The FBI risks placing itself in a similar situation today if Kenya accepts assistance. One of Kenya’s leading counterterrorism agencies is the Anti-Terrorism Police Unit (ATPU), which has been in national headlines for accusations of torture, killings, and disappearances.  The ATPU’s abuses fit into a pattern: terrorism suspects are detained and driven around for hours before being brought to any official police station. During this time, suspects are denied access to lawyers and their families, and subjected to interrogations that involve cruel, inhuman or degrading treatment and even torture. In addition, there are outstanding questions about the disappearance and murder of members of Kenya’s Muslim community, where some suspect the involvement of the ATPU.

The United States government is well aware of these abuses.  The ATPU has a history of abuse dating back at least until 2007 when the then-head of the ATPU was involved in what a Kenyan court recently found to be acts of torture and illegal rendition in violation of Kenya’s domestic and international obligations. The ATPU did the same to suspects of the World Cup bombing in 2010, and two judges (see here and here) similarly condemned those renditions as illegal.

Given the ATPU’s human rights record, what are the FBI’s options for cooperation and assistance? In response to the Open Society Justice Initiative report on the human rights abuses relating to the World Cup bombing investigation, the FBI explained that it has a protocol in place,

 “for joint interrogations known as ‘remove and report,’ which prohibits use of any technique that results in the abuse or mistreatment, to include verbal threats and inappropriate promises, of a prisoner or detainee. ‘Remove and Report’ requires an agent to remove himself or herself from a situation in which he or she knows or suspects abuse has occurred as soon as possible, and report the known or suspected abuse up his or her management chain.    Training on these procedures is provided regularly to FBI employees who are deploying overseas.”

Whether the FBI’s protocol is capable of ensuring that the FBI doesn’t get involved directly or indirectly in the human rights abuses of foreign security agencies will surely depend on its finer details and how well the protocol is implemented.

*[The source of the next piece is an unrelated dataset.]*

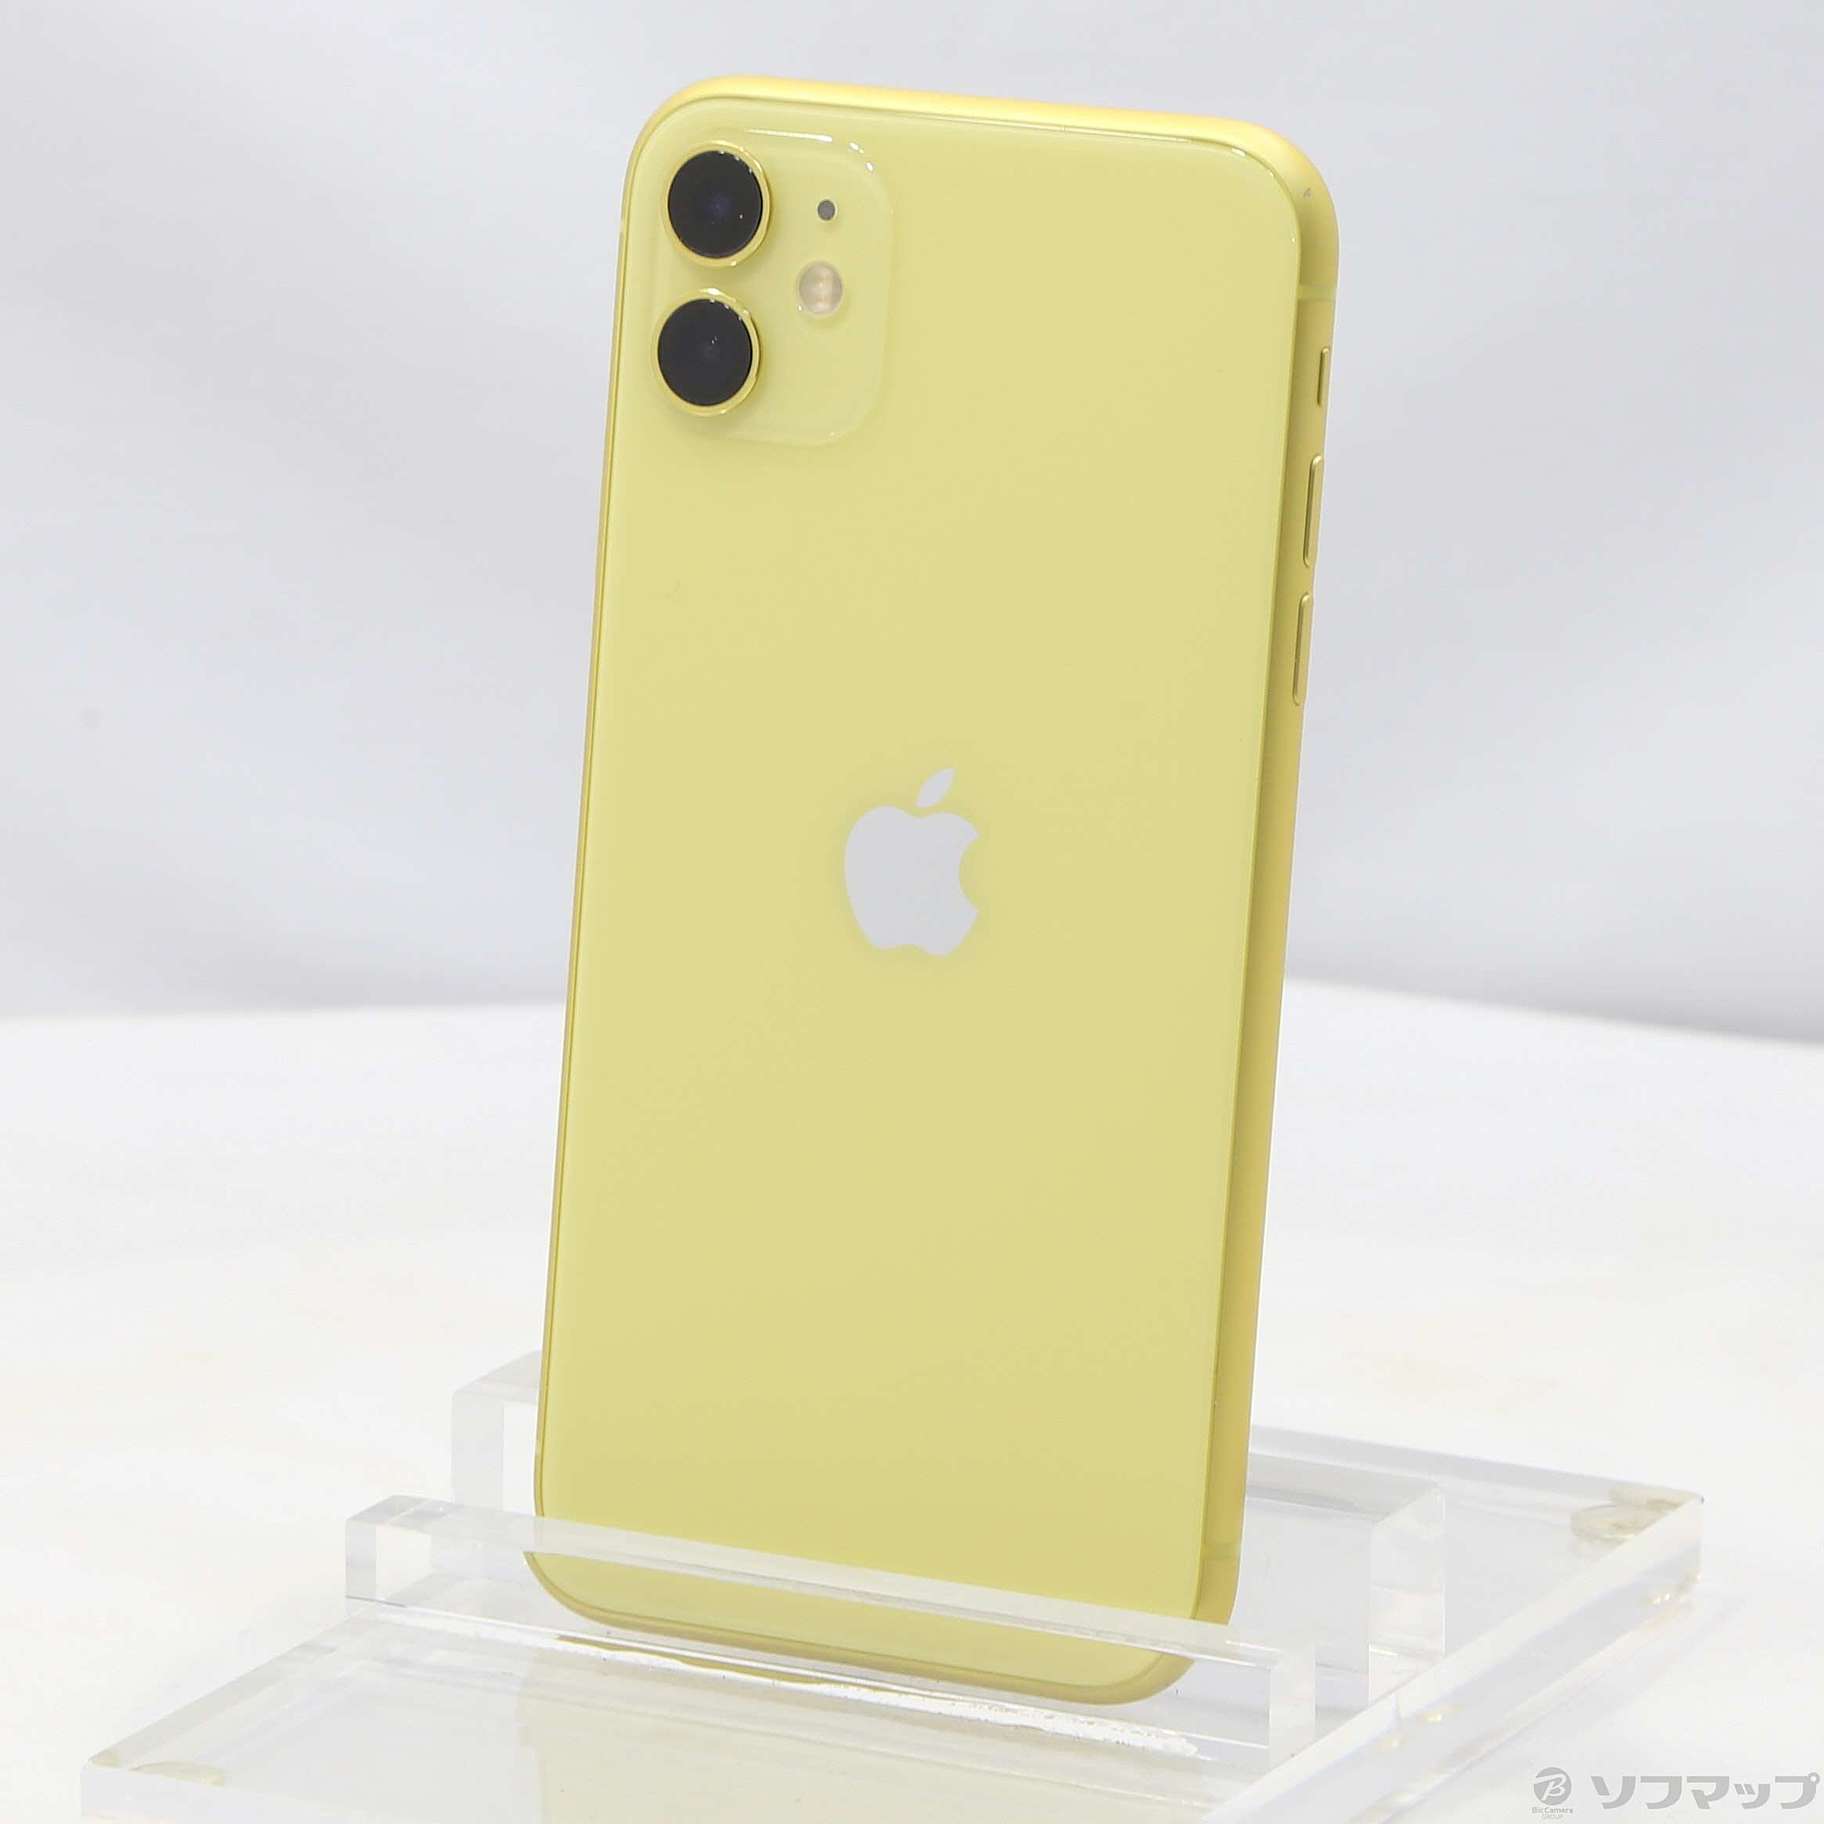 iPhone 11 イエロー 64 GB Softbank-lantryaestheticscenter.com

This protocol, although a step in the right direction, falls far short of more stringent U.S. rules on providing assistance, such as the Leahy Law.  Here’s how the UK deals with this type of issue, which sets out detailed rules on what action is required by UK agents in response to various types of abuses by foreign security officials.  The UK policy, though appearing stronger than the FBI’s, is nonetheless not strong enough for my taste. Ministers and field staff have broad discretionary powers in deciding whether to continue the operation. Additionally, the policy’s gives too much weight to the notion that human rights assurances from foreign partners can mitigate the threat of abuse.

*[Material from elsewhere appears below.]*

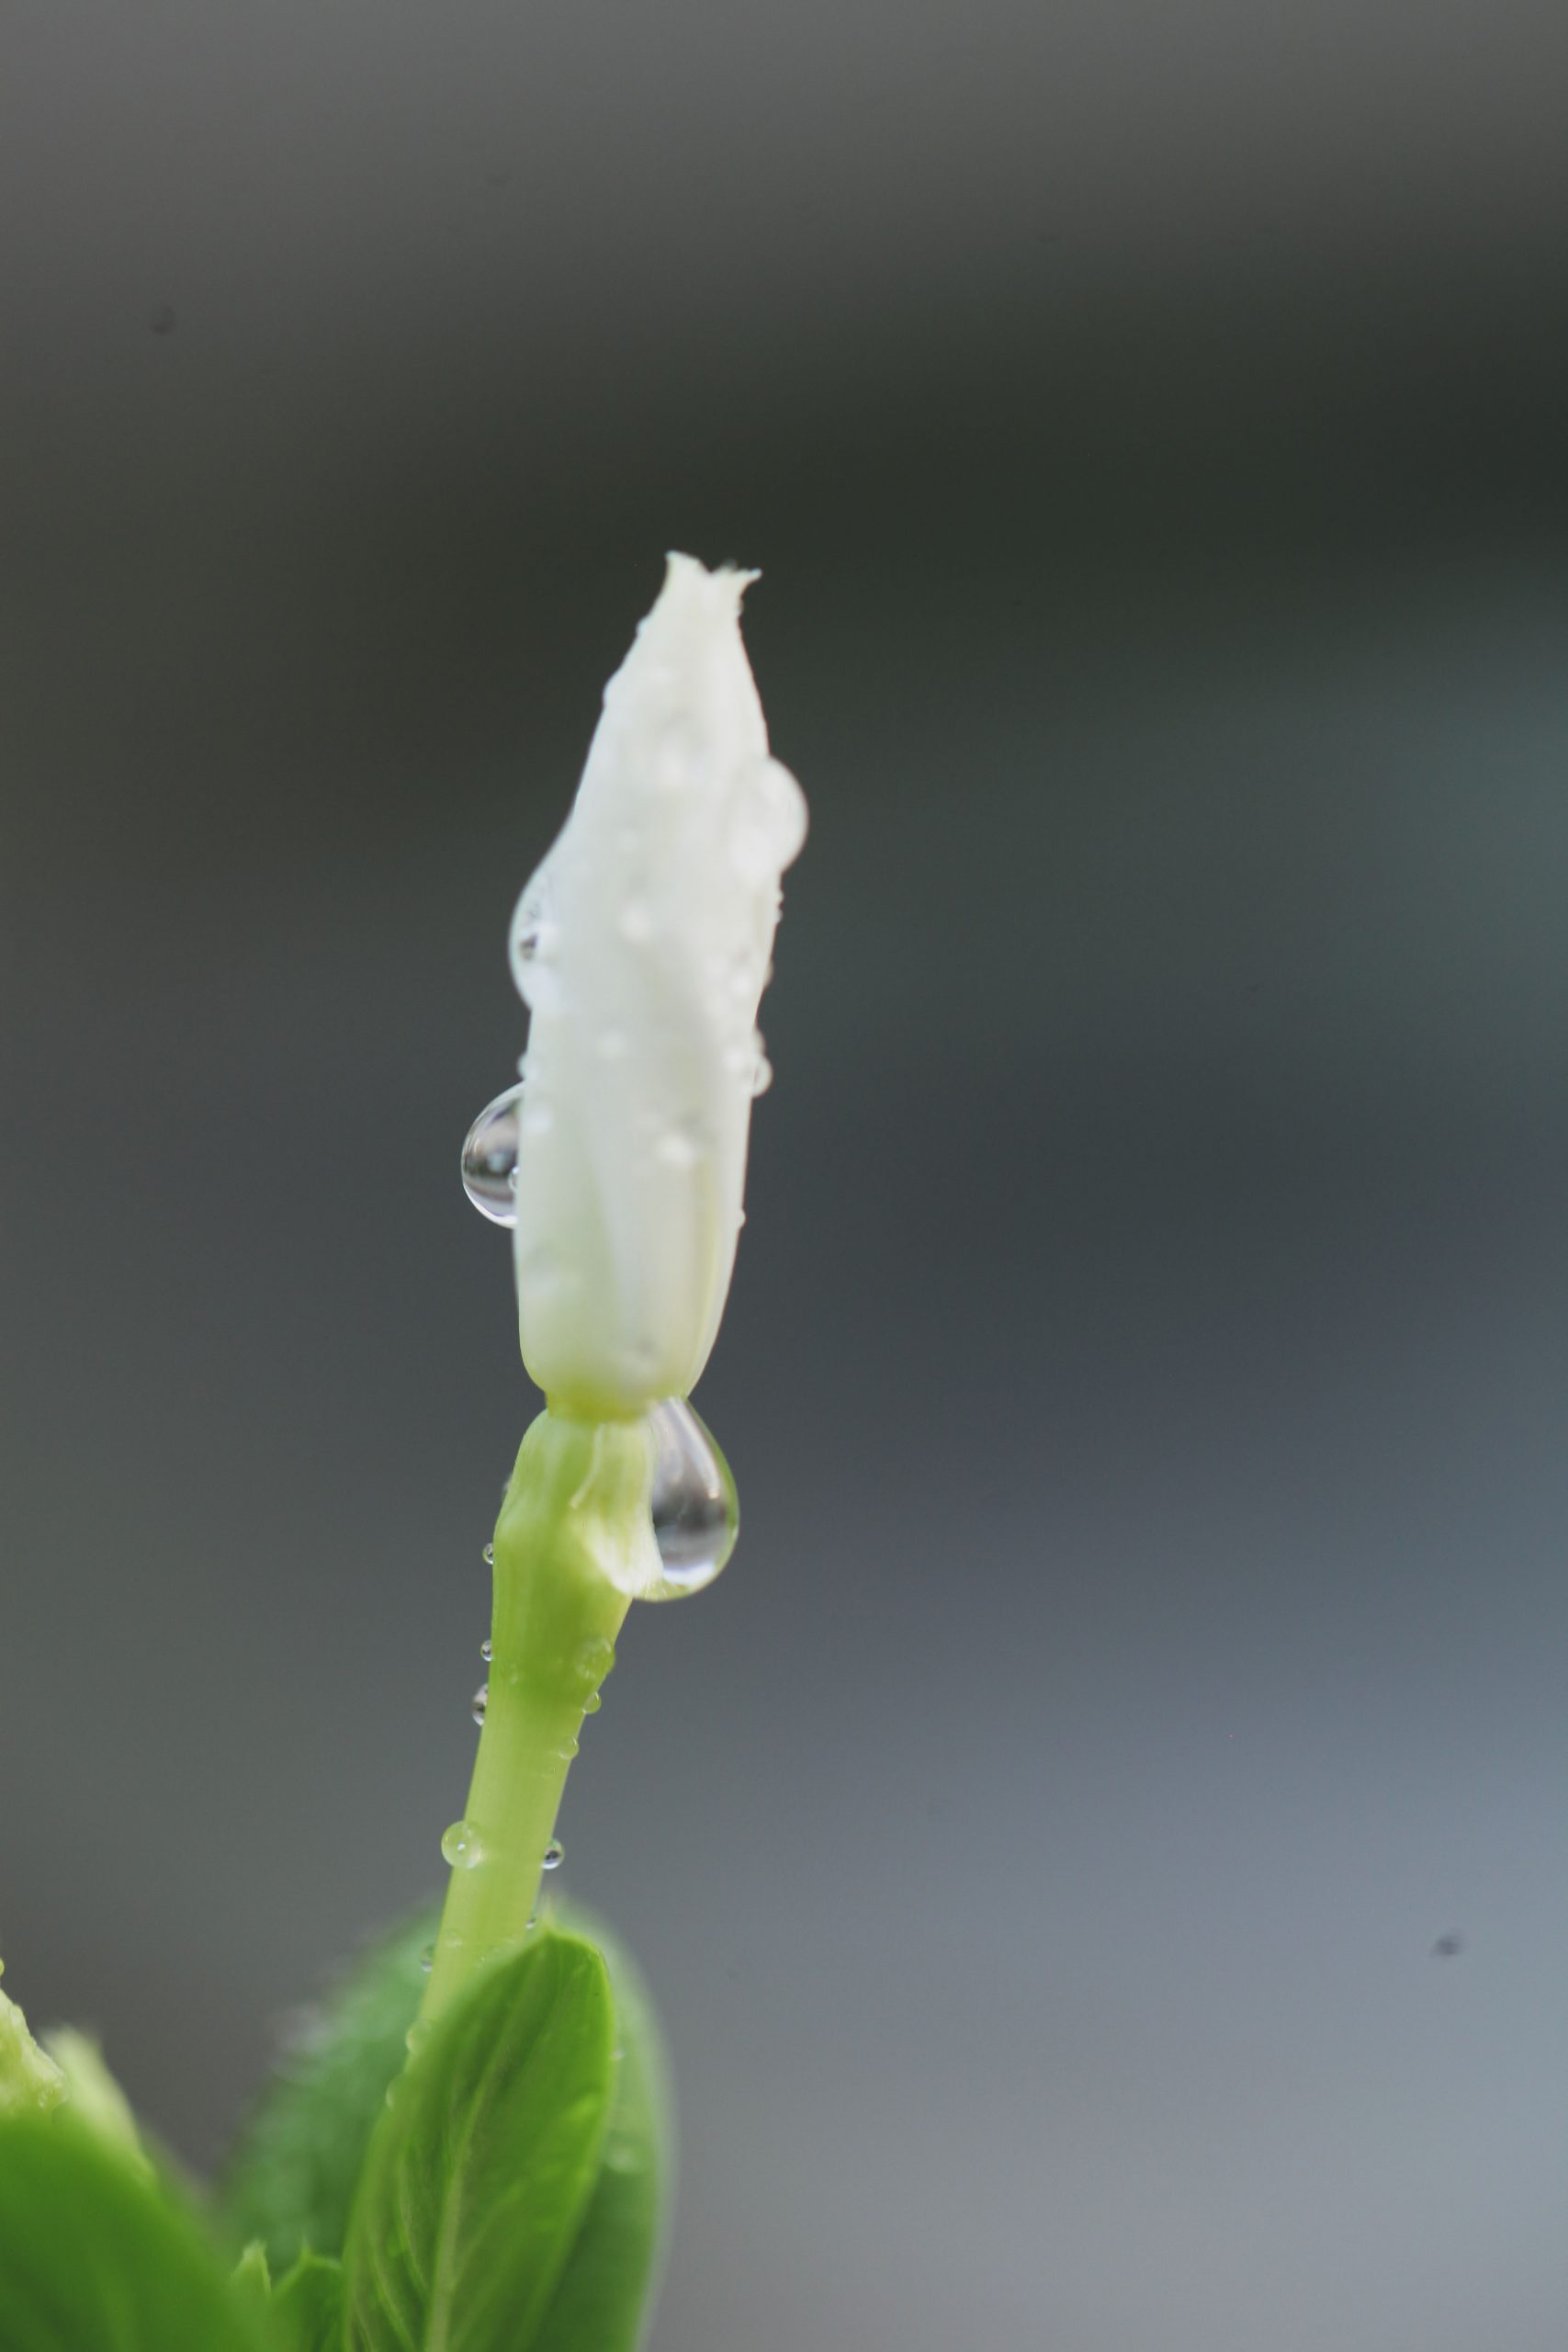 Water drops on a flower bud

If anyone has more information on how the FBI’s policy is implemented it would be great to learn more. Is this policy met by an FBI agent simply leaving the room while a foreign security agent slaps around a detainee and then the FBI can re-enter the room once the beating ends? What are the consequences once an FBI agent files a report of abuse up his or her management chain? Does the investigation continue, or does the investigation team have to pack their bags and get the next plane home? Also, is the FBI required to inform the foreign agency it’s partnering with of this protocol?

Finally, in this discussion of the various ways the US-Kenya counterterrorism relationship should take shape in the aftermath of Saturday’s horrible violence, it’s worth mentioning that Kenyan authorities will likely rely on the new Prevention of Terrorism Act (signed into law in October 2012) to investigate and prosecute the Westgate Shopping Mall siege suspects. The law greatly expands policing powers to counter terrorism, powers that members of Kenya’s Muslim and Somali communities are especially worried Kenyan authorities will apply indiscriminately. Until the law was enacted, the United States encouraged Kenya to put in place such legislation.  Now that the law has passed, the U.S. will see the impact of its encouragement and must be willing to engage through its Embassy and other diplomatic channels if the law is abused or otherwise used excessively.